Именно так – выстраивая общую картину мира – мы определяем действительность.

Объективные показатели – такие, как полученные с помощью камер и научных приборов, – эту картину не меняют. Интерпретация этих данных все равно зависит от того, как они отфильтруются в мозге конкретного человека. Вот почему не всегда помогают записи с нагрудных регистраторов, которые носят полицейские: зафиксированное всегда можно истолковать по-разному.
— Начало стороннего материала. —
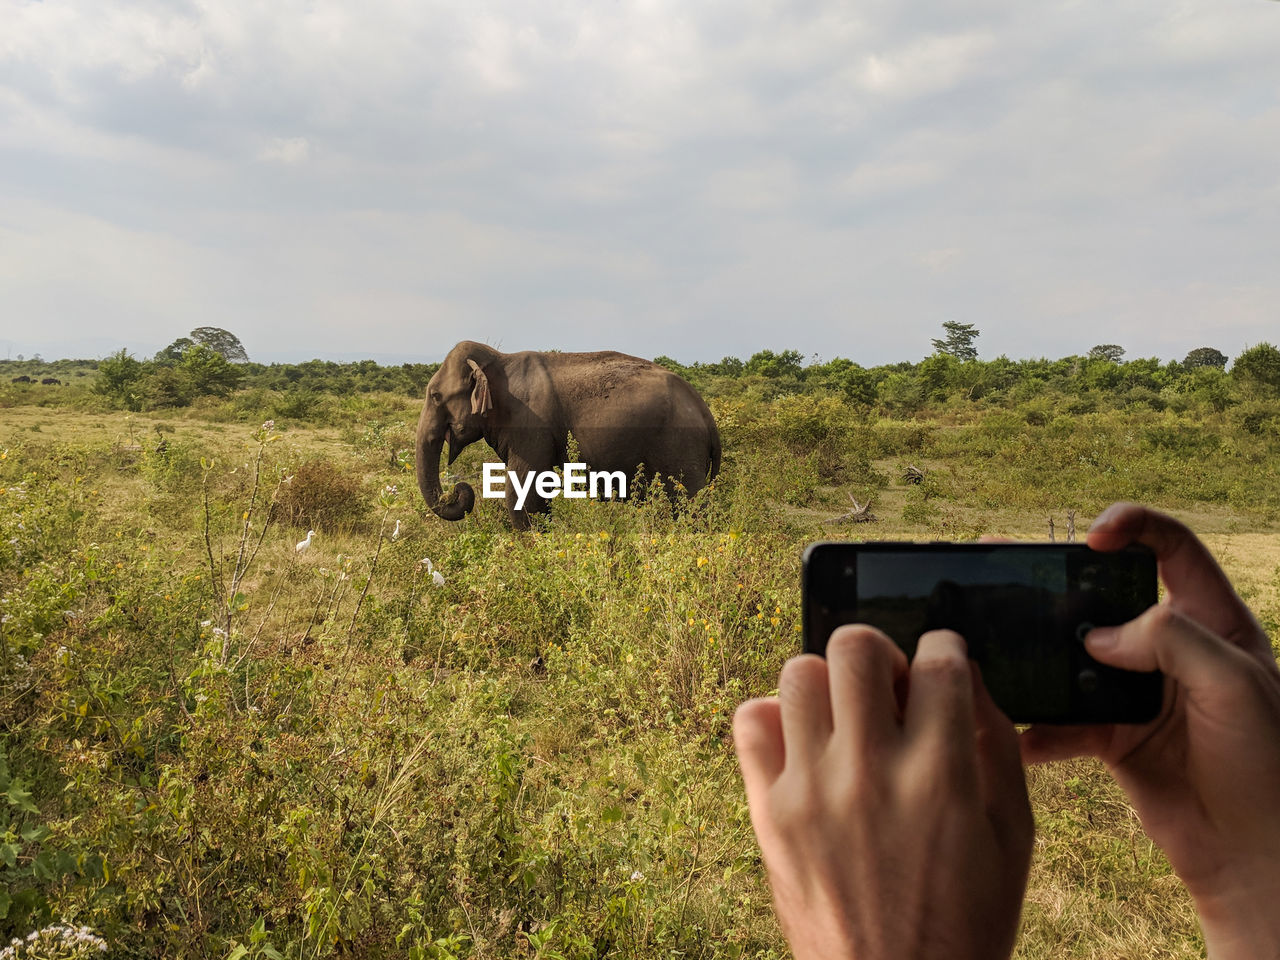 Taking a photo of an elephant using a mobile phone

Теперь нам придется как-то свыкнуться с обескураживающим выводом, что наши мысли на самом деле не наши. Даже нашим собственным воспоминаниям доверия нет. Это просто нарезка самых ярких моментов, заполнение пробелов между которыми чревато конфабуляцией. Чересчур часто эти пробелы ликвидируются за счет того, что мы где-либо вычитали или услышали от других. Выходит, таким образом, что действительность – это просто общая иллюзия? В какой-то степени да. Но разница между полезной иллюзией, увязывающей наше самовосприятие в единую идентичность, и чем-то более экстремальным не всегда четко видна. Немалая часть человечества держит свои версии личного нарратива при себе и не делится ими ни с кем. Можно сказать, что они рассказывают истории, ведущие их по непроторенной дороге. И хотя путешествия эти могут быть весьма экстремальными, наблюдать за изменчивостью и гибкостью, с которыми их мозг создает личный нарратив, довольно любопытно. В этих историях могут содержаться подсказки к тому, как изменить представление о себе.
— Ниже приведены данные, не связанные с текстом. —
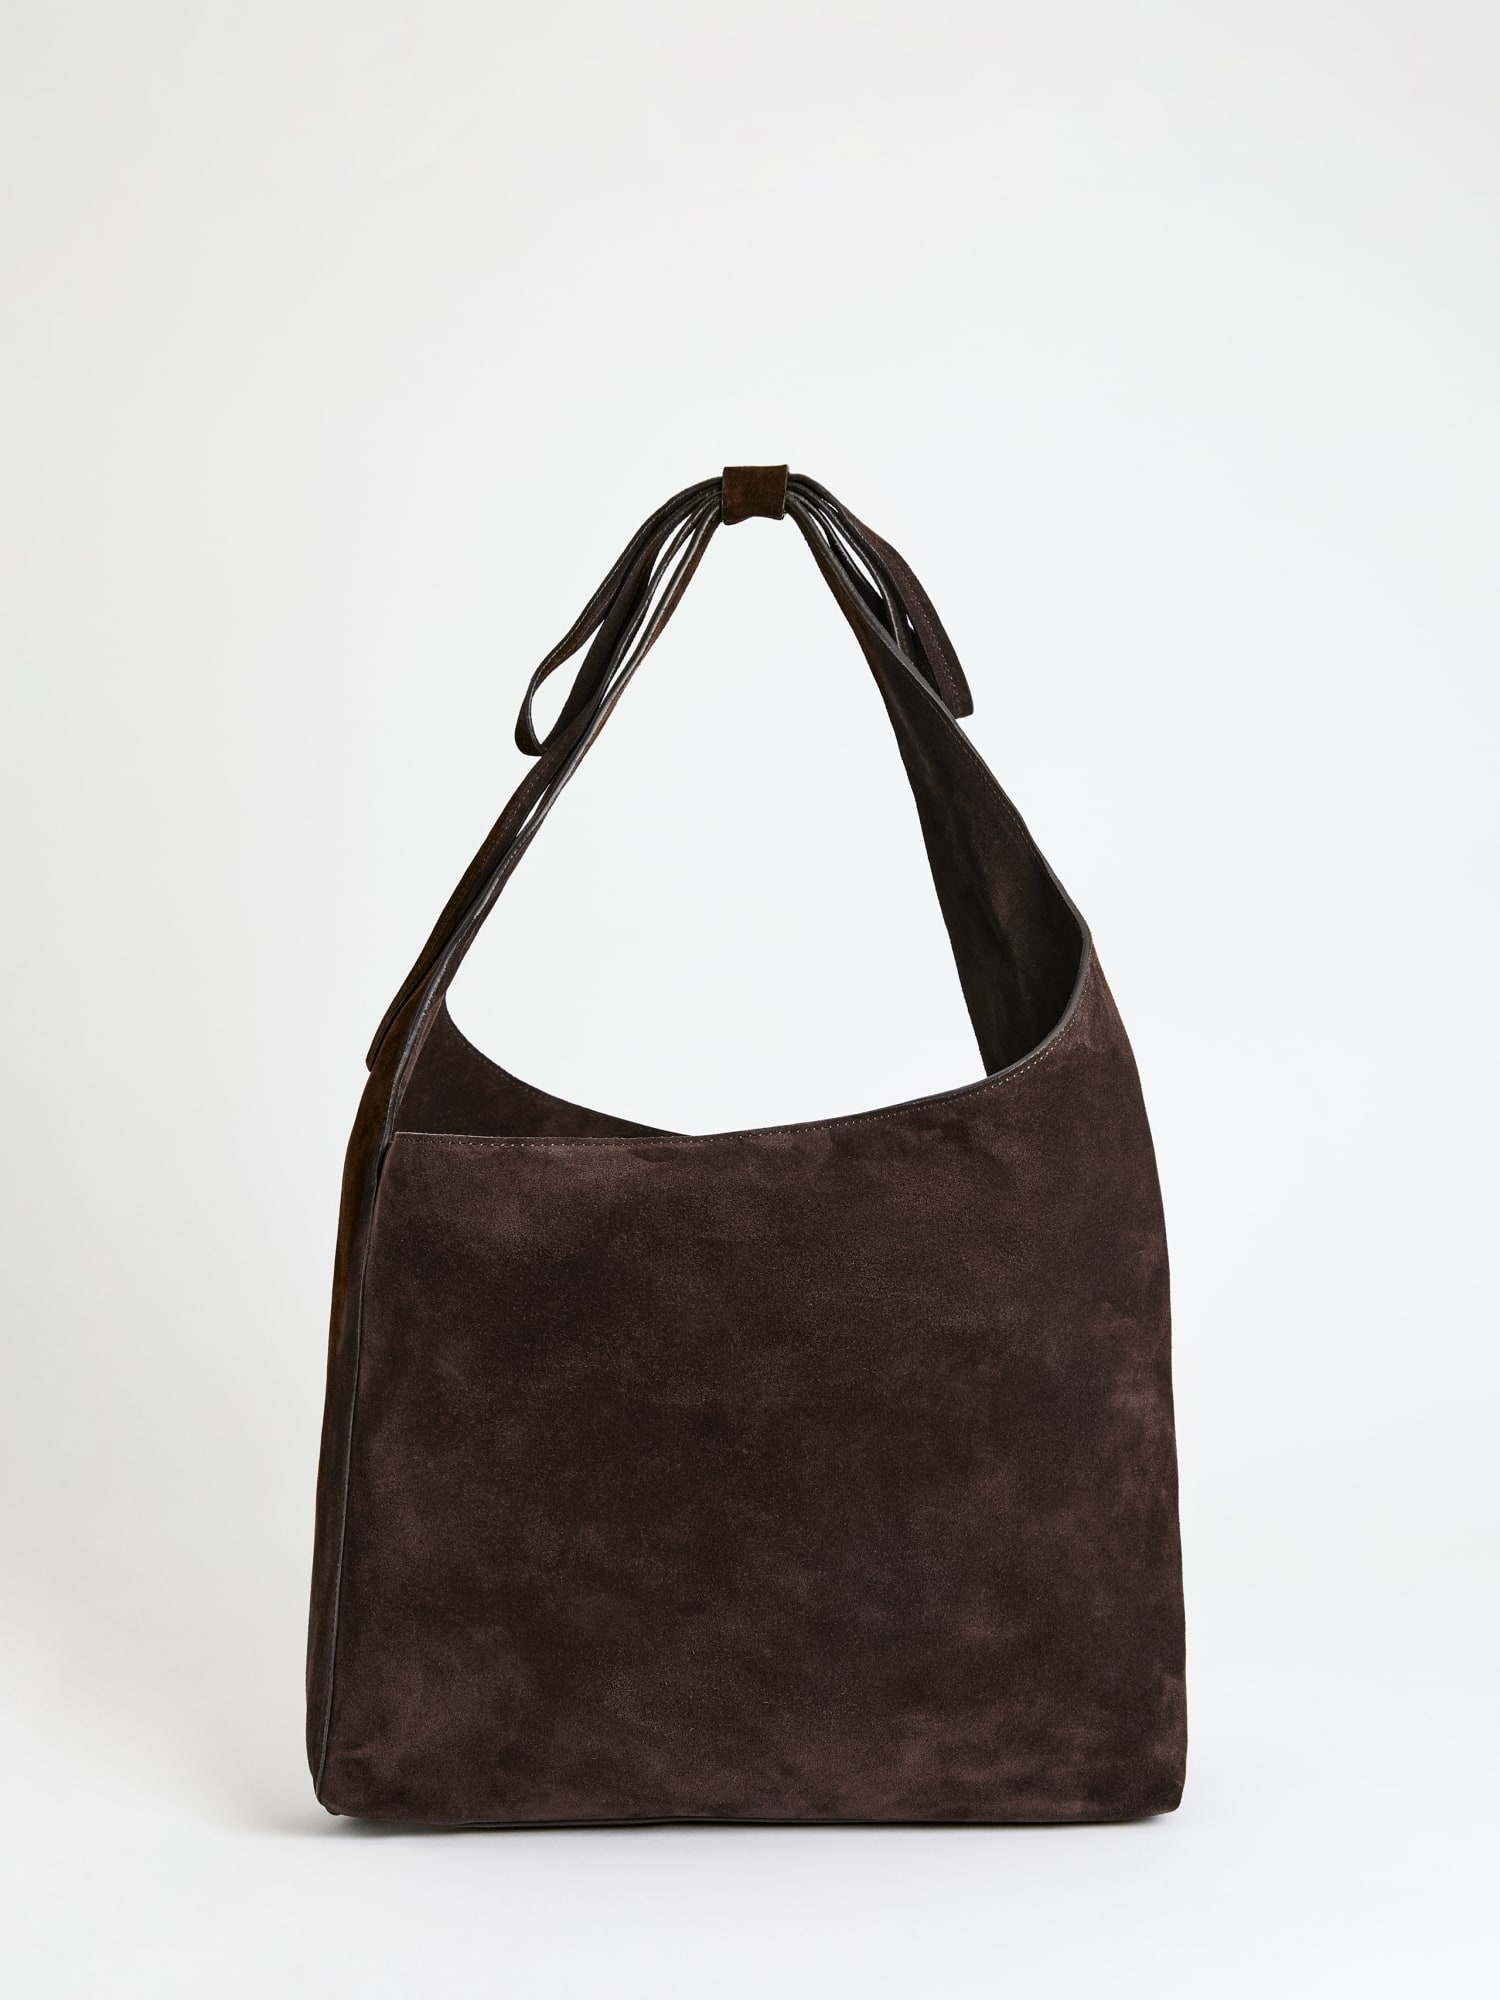 Reformation Vittoria East-West Tote

Делюзии – признак серьезного нарушения функций мозга. Если они вызваны опознаваемым соматическим процессом, то это органические делюзии. Способностью рождать странные идеи, а иногда и галлюцинации хорошо известны медицинские препараты – особенно успокоительные средства, анестетики и опиоиды. (Психоделики[12], такие как ЛСД или псилоцибин, изменяют восприятие, но делюзий обычно не вызывают.) Делюзии могут возникать и при определенных расстройствах. При существенной степени деградации мозга делюзии начинают одолевать страдающих болезнями Альцгеймера и Паркинсона. Аутоиммунные заболевания, такие как волчанка, могут вызывать делюзии при воспалении мозга.

Иногда никакой причины, идентифицируемой медицинскими методами, не обнаруживается. Если все органические причины исключены, делюзию относят к функциональным, то есть психиатрическим, разновидностям. Такие делюзии возникают в основном при трех состояниях – депрессии, мании или шизофрении. Собственно, по отношениям с болезнью, которую мы называем шизофренией («расщепление ума» в переводе с латыни), можно проследить всю историю психиатрии. Сейчас под шизофренией понимают комплекс психических симптомов, проявляющийся как отрыв от действительности. Шаблонный образ больного шизофренией – всклокоченный бездомный, воняющий мочой, разговаривающий сам с собой и уверяющий, что его преследуют невидимые враги из ЦРУ. Но у шизофрении, как у любого заболевания, спектр проявлений невероятно широк, и тяжесть их может быть разной. Да, связь с реальностью у страдающих шизофренией и в самом деле может быть очень зыбкой, а при самой тяжелой форме проявления симптомов больной существует в собственном нарративе, который для окружающих вообще никак с реальностью не соотносится. Шизофрения демонстрирует нам, насколько личный нарратив определяется общей действительностью или тем, что мы называем культурой. Именно в таких случаях, когда личный нарратив, как говорится, слетает с катушек, мы ясно видим, что по-настоящему собственного нарратива нет ни у кого. Когда чей-то нарратив слишком отклоняется от нормы, человека записывают в сумасшедшие.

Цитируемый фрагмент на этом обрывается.